- [Exercise] Set down, exactly and only, everything from the line containing "Doodle Flowers Seamless" down to the line containing "north face bags ireland" in the data below; the pictures are not part of the copy.

- [The records]

┌──

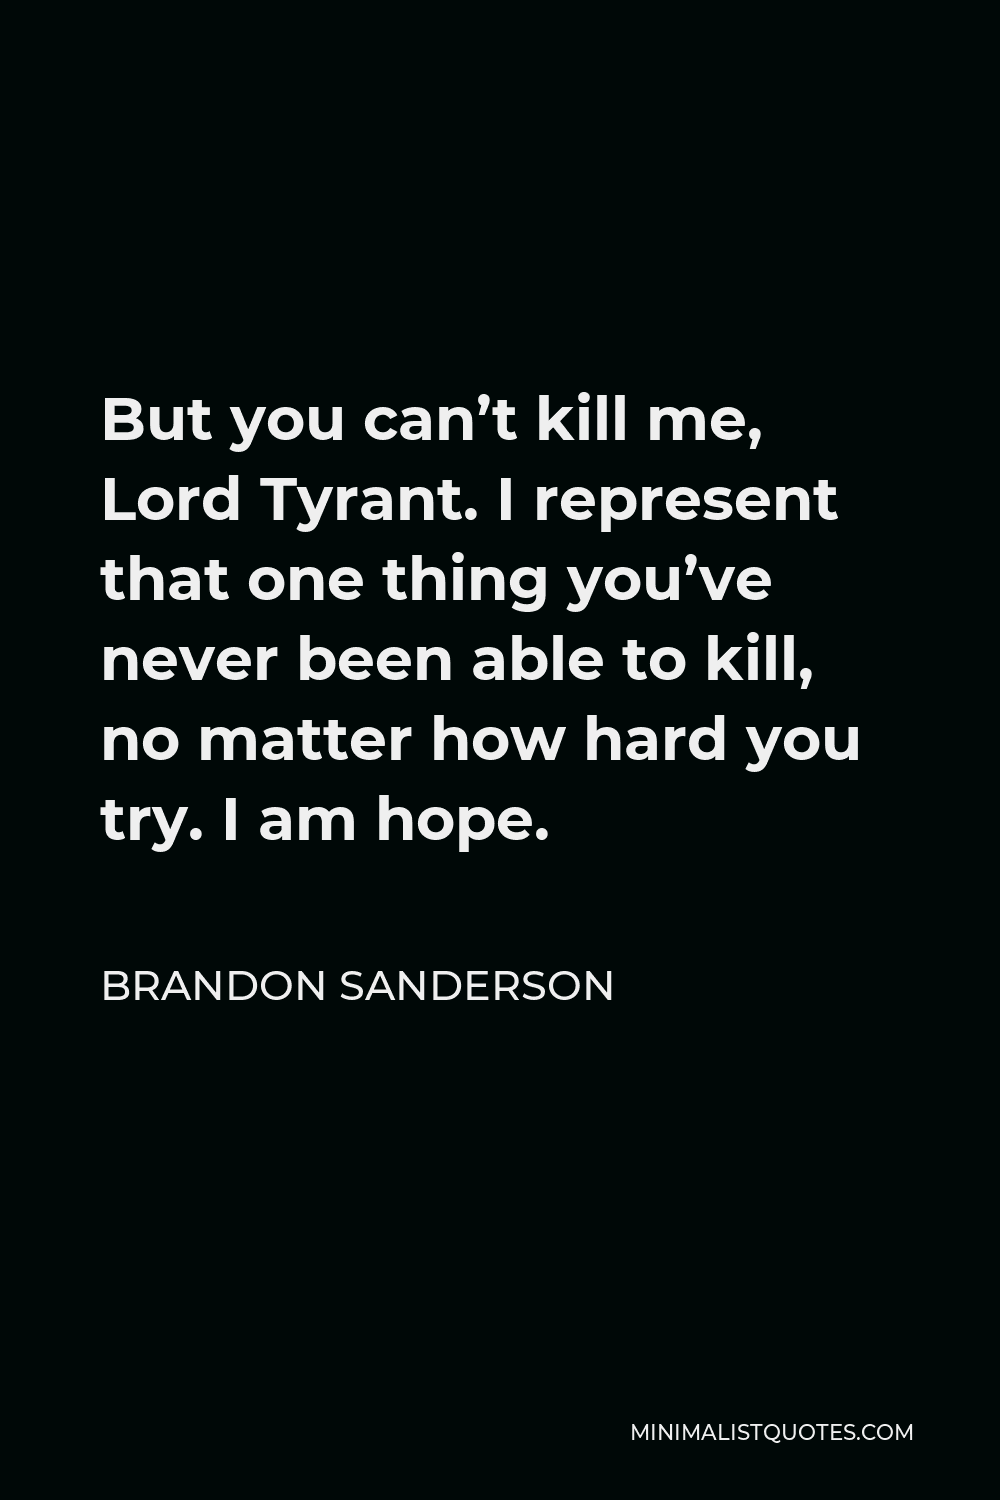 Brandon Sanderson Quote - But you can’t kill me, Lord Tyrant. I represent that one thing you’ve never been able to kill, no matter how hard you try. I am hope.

└──
┌──

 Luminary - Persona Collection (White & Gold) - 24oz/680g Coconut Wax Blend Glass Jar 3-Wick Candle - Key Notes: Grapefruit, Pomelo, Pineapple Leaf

└──
┌──

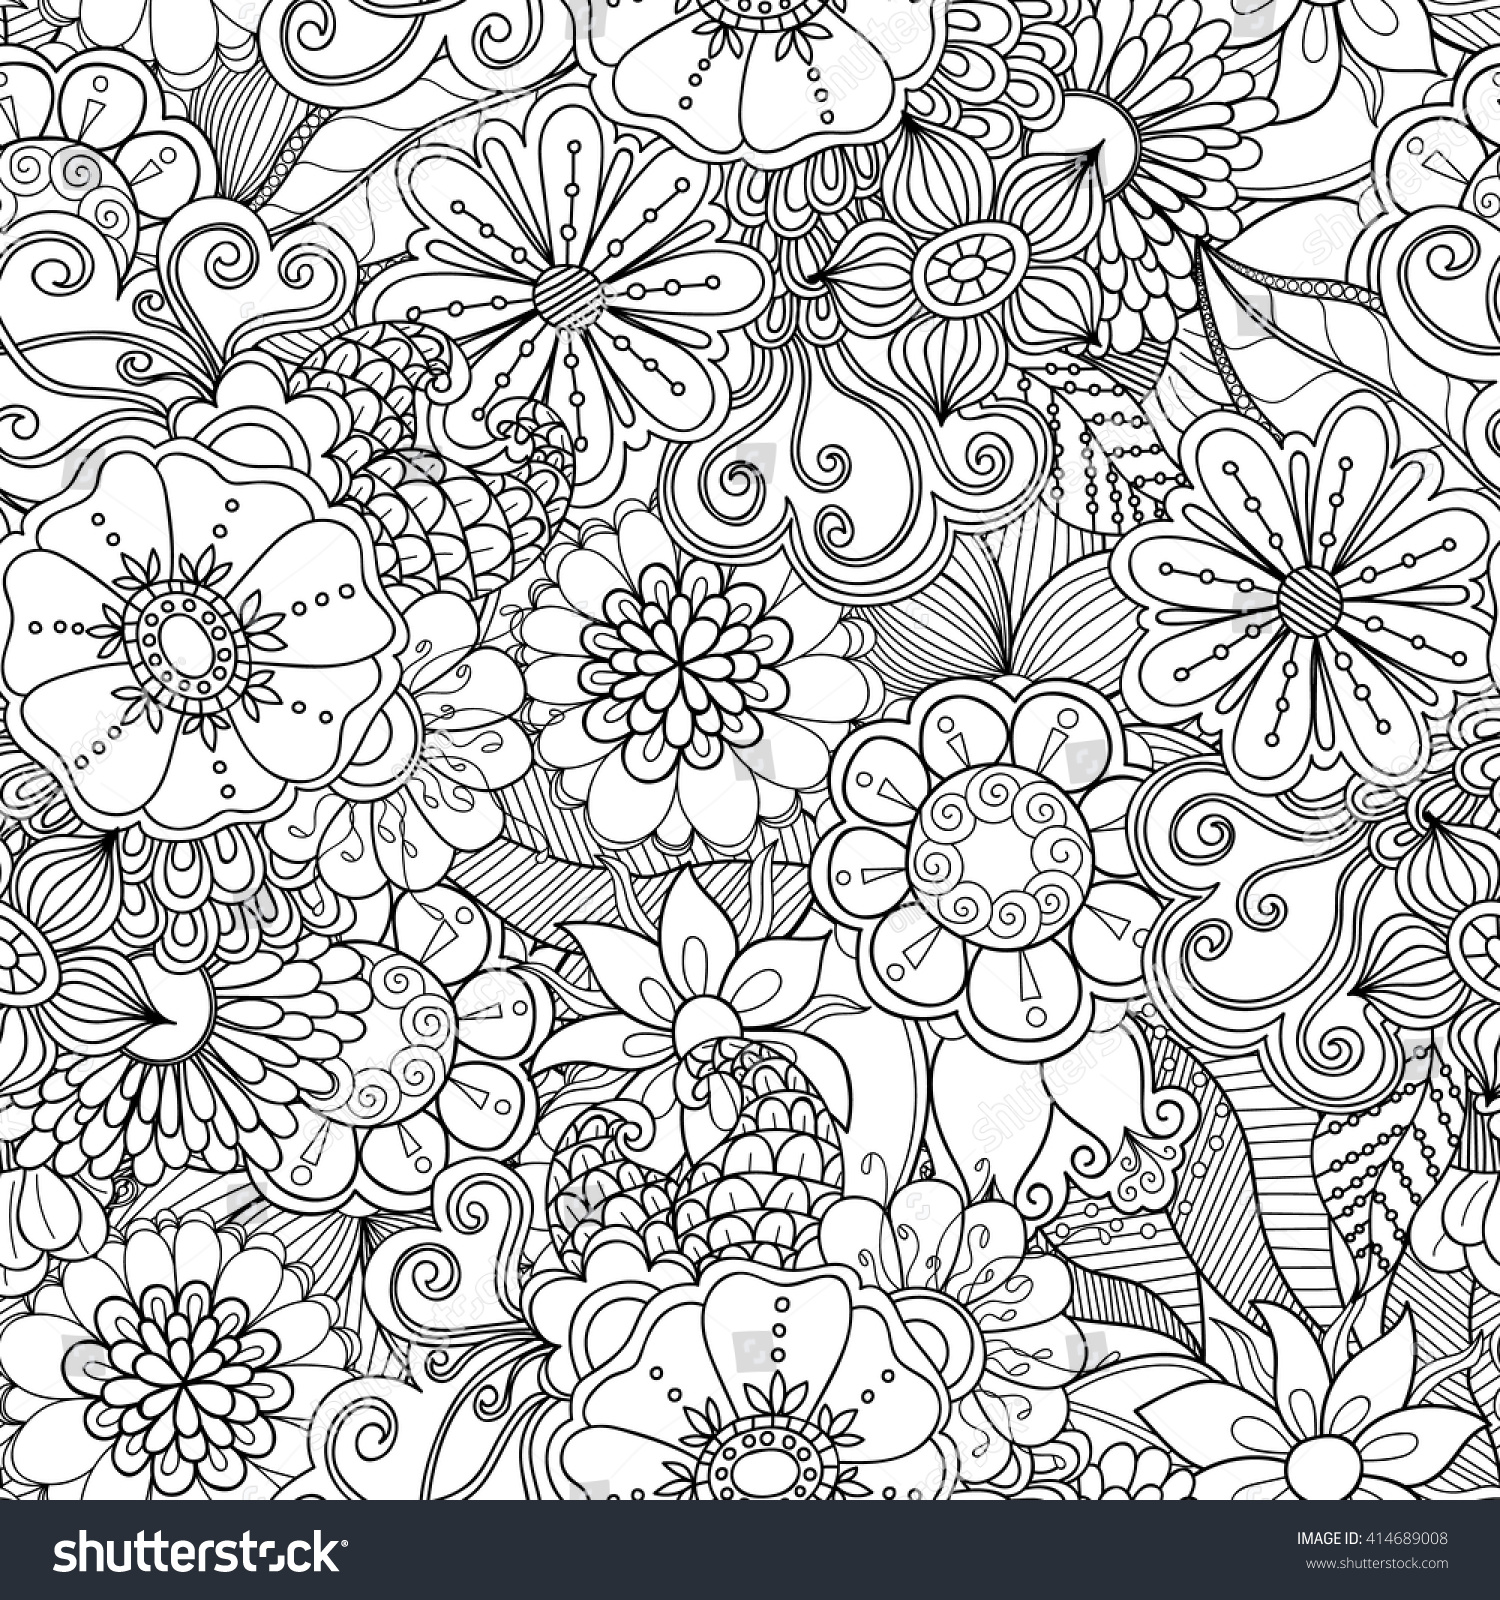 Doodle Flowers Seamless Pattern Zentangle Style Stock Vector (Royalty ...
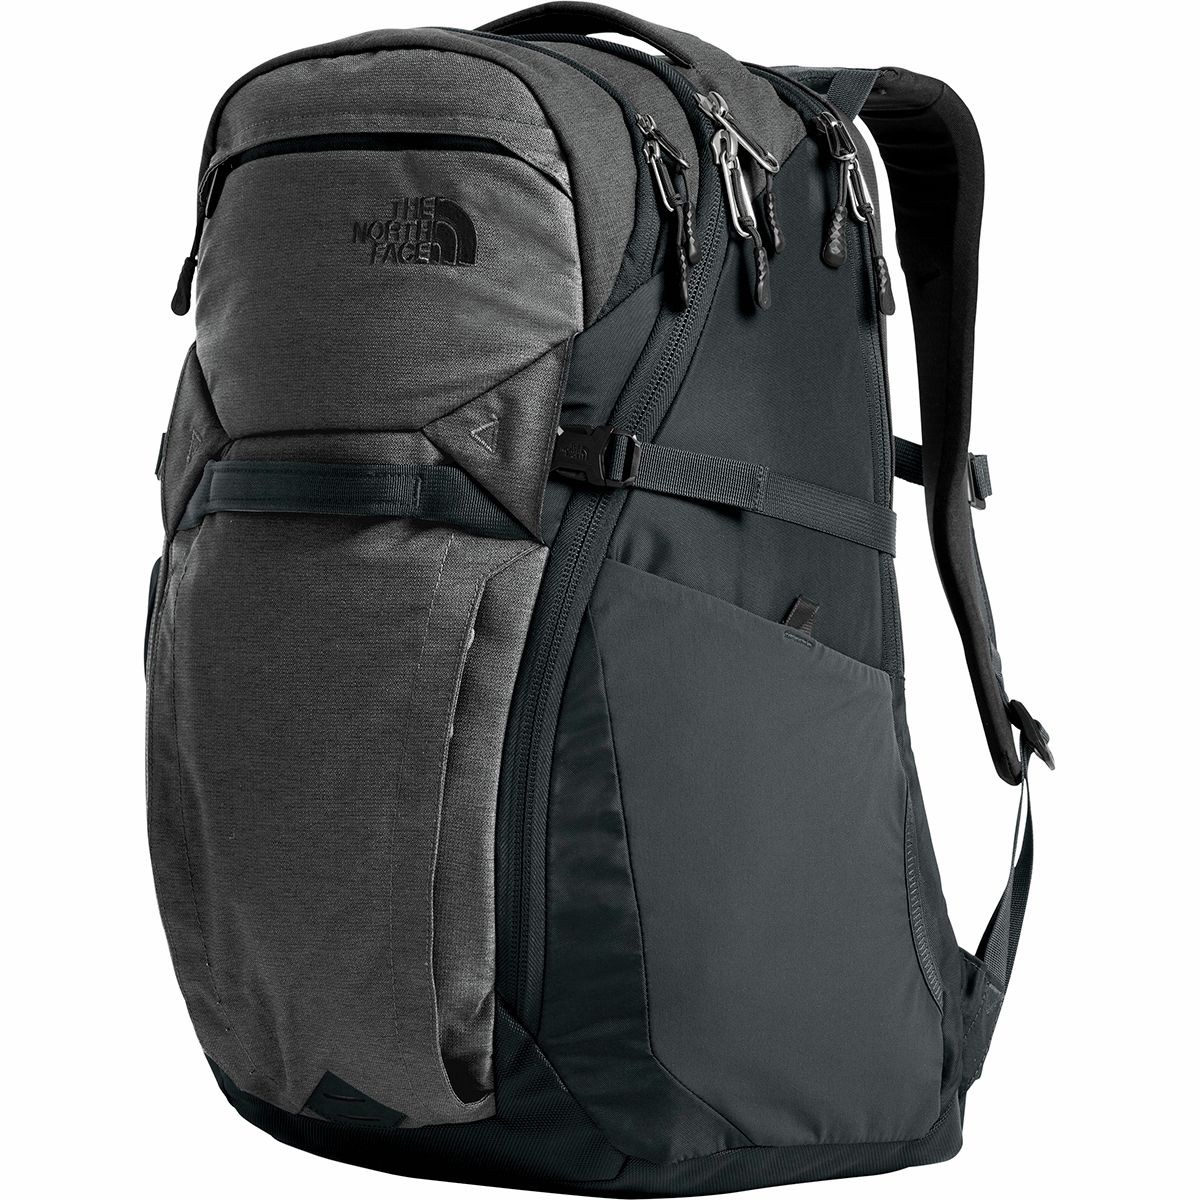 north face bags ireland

└──

- [Answer area]
 Doodle Flowers Seamless Pattern Zentangle Style Stock Vector (Royalty ...
 north face bags ireland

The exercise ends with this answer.